1. Gli affitti brevi ed Airbnb


La nozione di locazione breve, fornita dall’art. 4 del D.L. 24 aprile 2017, n. 50, non identifica una autonoma fattispecie contrattuale ma rileva ai soli fini dell’applicazione di uno specifico regime fiscale.
Questa normativa fiscale riguarda dunque anche i contratti conclusi con l’intervento di operatori diversi dagli intermediari immobiliari (il più noto dei quali è oggi Airbnb), che operano sul webcon piattaforme e servizi che hanno la finalità di far incontrare domanda e offerta nel campo delle locazioni.
In particolare la detta normativa ha previsto l’obbligo per società come Airbnb di operare una ritenuta del 21% sull’ammontare dei canoni e corrispettivi all’atto del pagamento (cedolare secca), da versare poi al Fisco. Chi svolge attività di intermediazione immobiliare o gestisce portali telematici, se residente in Italia o ivi avente una stabile organizzazione, dovrà operare come sostituto d’imposta. Inoltre è tenuto a raccogliere e trasmettere all’Agenzia delle Entrate tutti i dati relativi ai contratti di locazione breve conclusi per il loro tramite (art. 4, comma 4, D.L. n. 50/2017). In ogni caso secondo la stessa disciplina, qualora il soggetto che gestisce il portale telematico non risieda in Italia e sia riconosciuto privo di una stabile organizzazione, lo stesso è tenuto a nominare un rappresentante fiscale per adempiere agli obblighi fiscali in qualità non già di sostituto d’imposta, bensì di responsabile d’imposta (art. 4, commi 5 e 5-bis, D.L. n. 50/2017).
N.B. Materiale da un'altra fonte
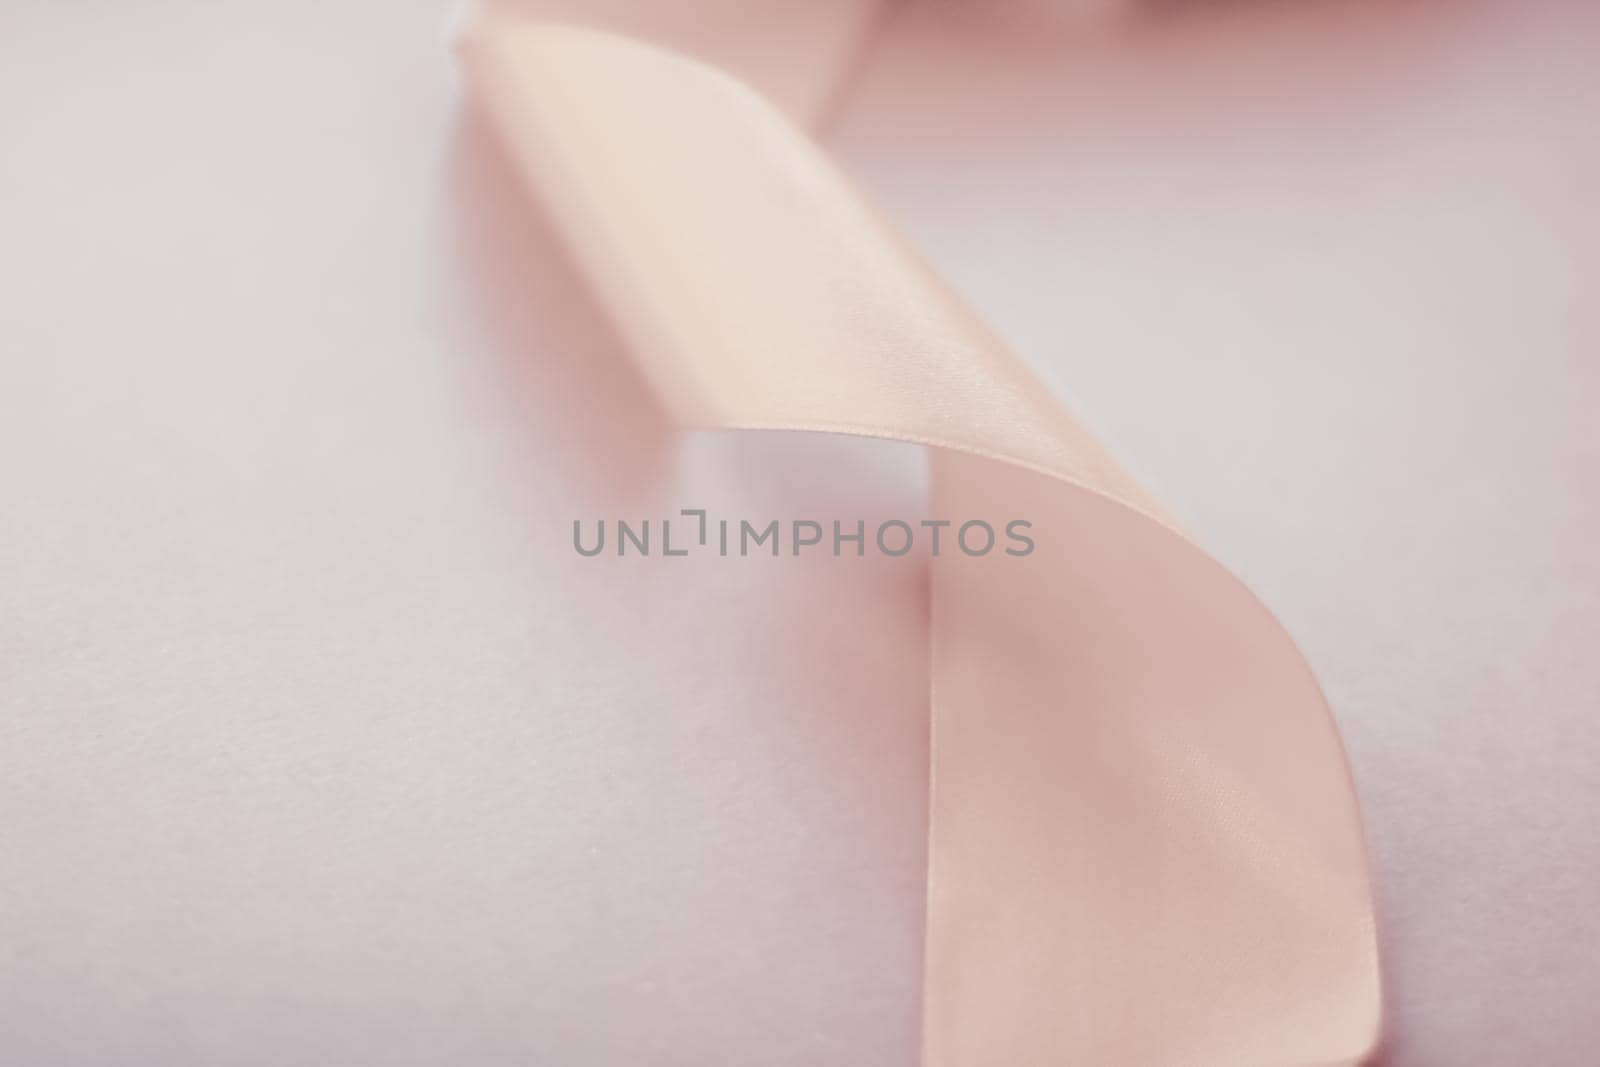 Abstract curly silk ribbon on pastel background, exclusive luxury brand design for holiday sale product promotion and glamour art invitation card backdrop by Anneleven

2. Il ricorso al Tar Lazio


Airbnb Ireland UC e Airbnb Payments UK Ltd, appartenenti al gruppo multinazionale Airbnb, hanno proposto ricorso per chiedere l’annullamento del provvedimento del direttore dell’Agenzia delle Entrate (n. 132395) che ha dato attuazione al nuovo regime fiscale.
In particolare le ricorrenti hanno sostenuto che il provvedimento impugnato, che impone lo svolgimento di un’attività di vero e proprio sostituto d’imposta (nonché di raccogliere e trasmettere un’ingentissima mole di dati all’amministrazione finanziaria, e di nominare un rappresentante fiscale in Italia), e la normativa presupposta, del quale esso costituisce attuazione, contrastano con varie disposizioni di diritto europeo, e in particolare con le disposizioni in materia di concorrenza e non discriminazione, diritto di stabilimento e libertà di circolazione dei servizi (quali racchiuse negli artt. 56 e 101 ss. del TFUE e nelle direttive 2006/123 e 2000/31/CE). Il Tar del Lazio però ha respinto il ricorso e la sentenza è stata impugnata innanzi al Consiglio di Stato. Quest’ultimo, con ordinanza n. 6219 del 18 settembre 2019, ha rinviato alla Corte di giustizia Europea l’analisi della compatibilità con il diritto europeo delle regole sulla cedolare secca per le locazioni brevi.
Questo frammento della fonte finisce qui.